1st #6 Jazzy o/h hurst
2nd #20 Blaze o/Steele h/unger
3rd #43 Louie o/h schweikert
4th #15 Rough o/ Steele h/ unger
RJ #27 o/Hansen h/eckett
Jams: 5,11,34,49,51


----------



## TRUEBLUE (Aug 27, 2007)

Congratulations to Tim Springer and owner Scott Miles for the win in the derby
James Hurst


----------



## byounglove (Mar 2, 2005)

Was 4th in open Jaybar Rough Em Up?
Congrats to ken and Gary!!


----------



## Rainmaker (Feb 27, 2005)

Congrats Tim & Lauren and owners, another nice weekend for Team Dynamic, 4th (URO1 D.A.C.'s Carrie C.C. RA SH ) and RJ (Rainmakers Mystic Mila) in the Qual, 1st (Diamondback's Black Hawks) and 2 Jams (siblings Port Bay's TNT Dynamite Dyna and TNT's One of the Boys) in the Derby, not too shabby. 

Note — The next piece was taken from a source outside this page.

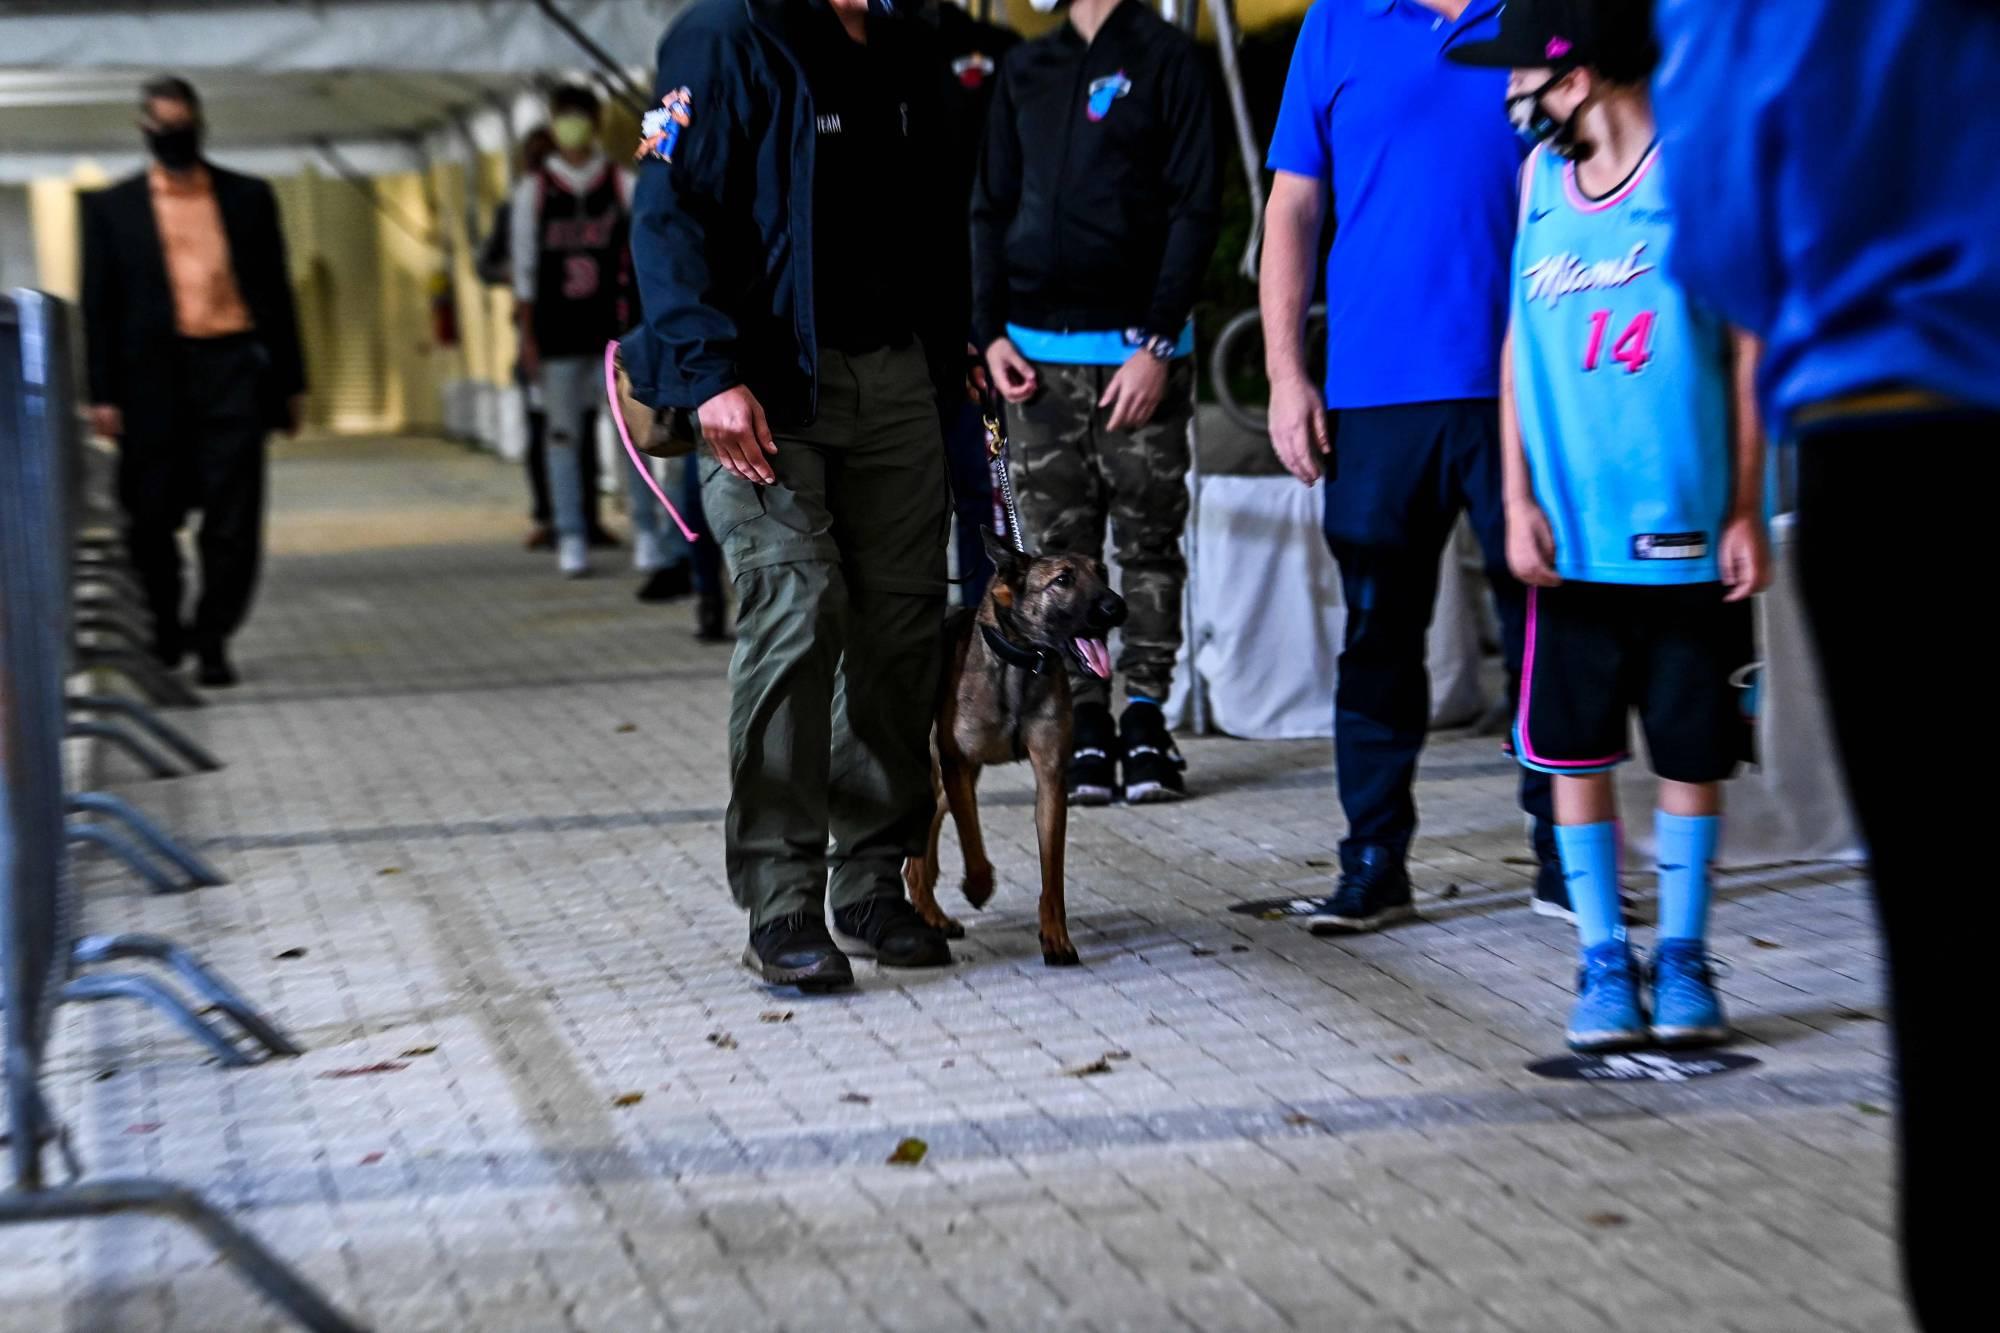 «Майами» нанял дрессированных собак, чтобы находить коронавирус у болельщиков. Это метод спасет индустрию

Congratulations to Bob & Ann Heise and Isaac Langerud with the Qual win for Princess!


----------



## Rainmaker (Feb 27, 2005)

TRUEBLUE said:


> Congratulations to Tim Springer and owner Scott Miles for the win in the derby
> James Hurst


Nice when mom wins the Open and pup wins the derby, congratulations to all.


----------



## sure (Sep 17, 2012)

Congrats to a great guy, Jim Hurst from Beck Kennels. What an honor to watch you and Jazz this weekend, as close to 4 perfect series you can get! What a wonderful team! A true display of respect and trust. Congrats on that FC title and good luck at the Amtr National!!! Also a big congrats to Tim Springer and Lauren for the Win with Jazz's daughter! in the derby a trueblue weekend for sure.


----------



## TRUEBLUE (Aug 27, 2007)

Sure,
Thanks for the kind words, however, just a couple of clarifications.
Both Jazz and I were trained by Rorem Retrievers, and the title she received this weekend was to finish her AFC.
Again , thanks


----------



## stonybrook (Nov 18, 2005)

Anyone have full Derby and Qual results? Congrats to all that have been mentioned already.


----------



## Marty Bullington (Dec 15, 2005)

Congrats to Isaac Langerud and Chapel Hill Retrievers on a great trial with his string of young dogs!!!


----------



## joel druley (Sep 6, 2010)

Can some one please post the results of the amateur? Thank you.


----------



## joel druley (Sep 6, 2010)

I just saw the trial results posted on Entry Express. Congratulations to Tux, Redwing, Naughty, Air, and Otter and their owners and handlers on their respective placements. Some Sioux Valley Club Dogs are breaking out. Good Job guys & gals.


----------